History of the Inkjet Printer
Inkjet printers are some of the most common and affordable printers on the planet. Though laser printers are often more popular in the business world, it is inkjet printers that are found in most homes, and even many offices as well. But where did inkjet printers come from?
They started as an idea in the early 1950s, but by 1970, inkjet printers that could reproduce digital images on computers had hit the market. In 1980 they landed in the consumer market, led by HP, Canon and Epson then eventually the IBM spinoff company Lexmark. They eventually made their way into the homes of millions of people. In the early days, two different technologies were introduced, though one has become the clear favorite.
Continuous Inkjet (CIJ):
This uses high pressure pump to push electronically-charged ink droplets through a tiny nozzle. This technology is clearly the fastest, allowing machines to print pages in less than 3 seconds. However, a lot of ink tends to be wasted because it lacks precision, some of which are recycled.
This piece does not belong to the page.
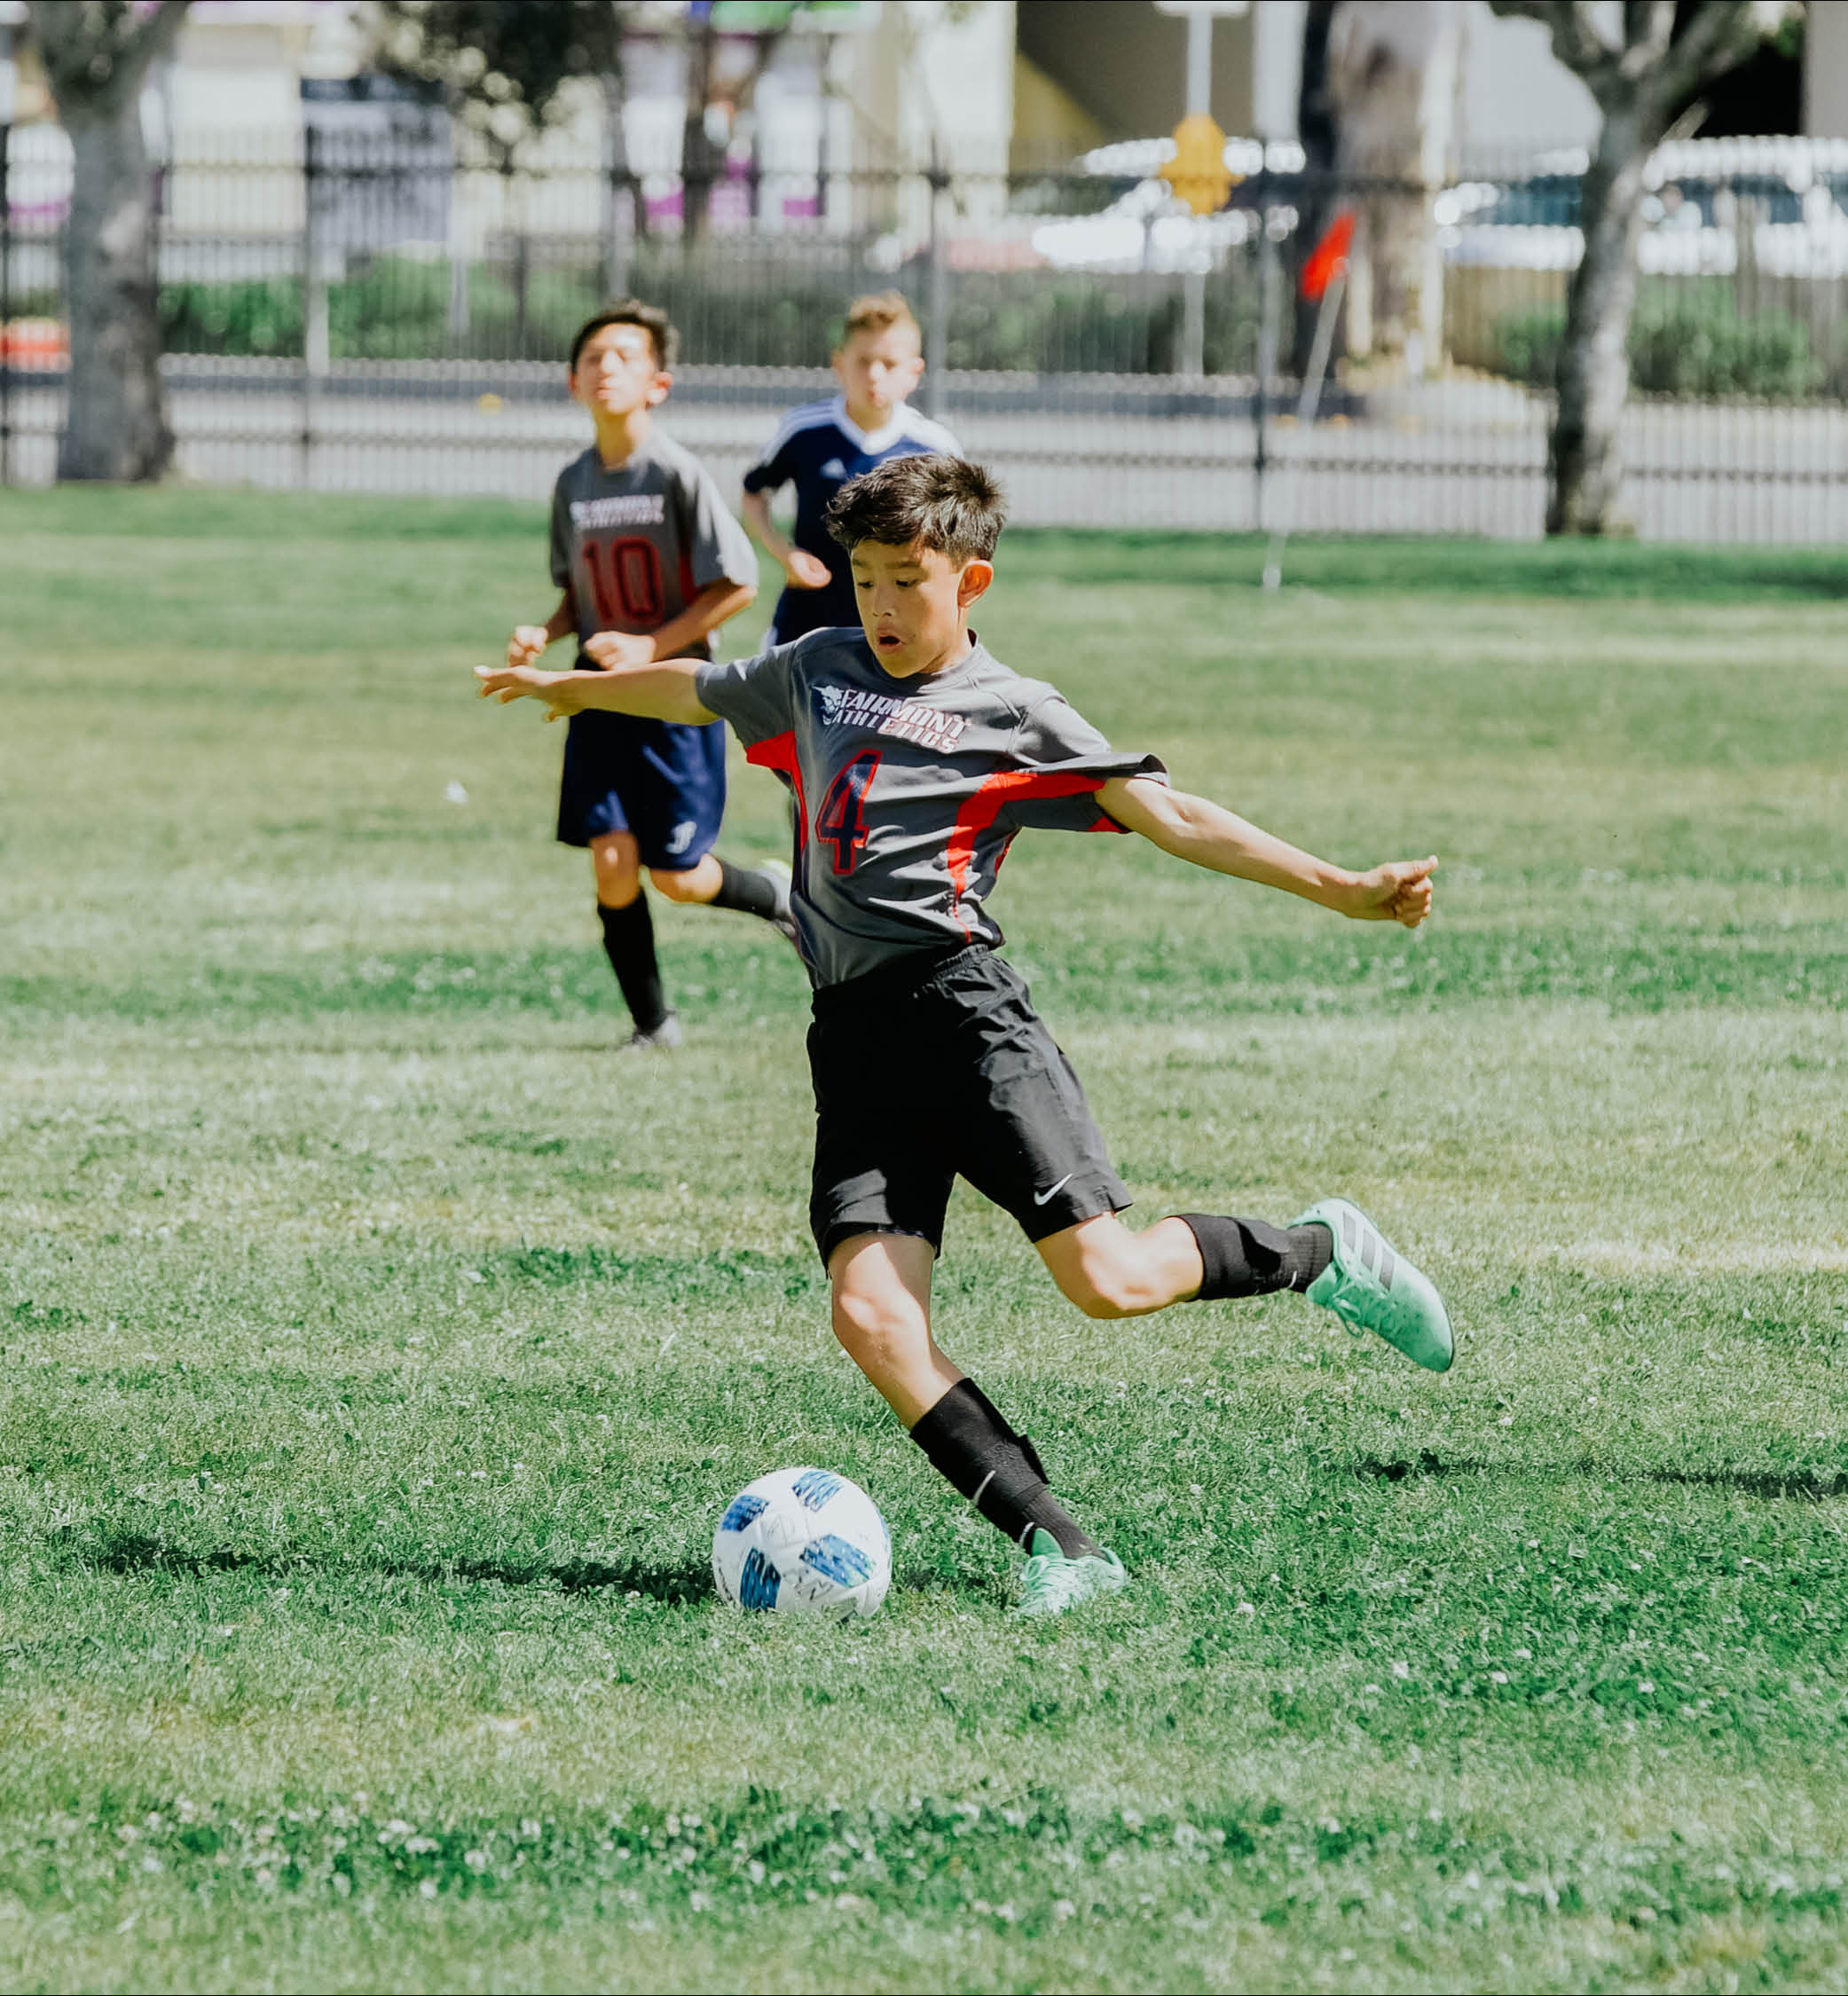 Elementary & Middle School Athletics

This method of printing is still used in industrial settings. For instance, some businesses use it for printing on the outside of cartons.
Introduced in 1977, this technology also uses nozzles, but has the control to spray ink only where needed. Because it is more modified, units using this technology are slower, but more cost-effective. DOD can be broken down a bit further into two more specific methods: piezo-electric and thermal. Piezo-electric is most commonly used for commercial printing as it tends to be a bit more expensive to produce, though Epson and Brother use the technology for some consumer models. Piezo-electric printers use static charges to push the ink through the printhead nozzles. Other manufacturers, such as HP, Canon and Lexmark, use thermal technology to push droplets out of the nozzles, which is a much more affordable and popular technology.
Inkjet printers are accurate, precise and affordable, and have continued to evolve over the past several decades. Today, most consumers have an inexpensive inkjet model in their home that is more advanced than a model that would have cost thousands of dollars in the 1980’s!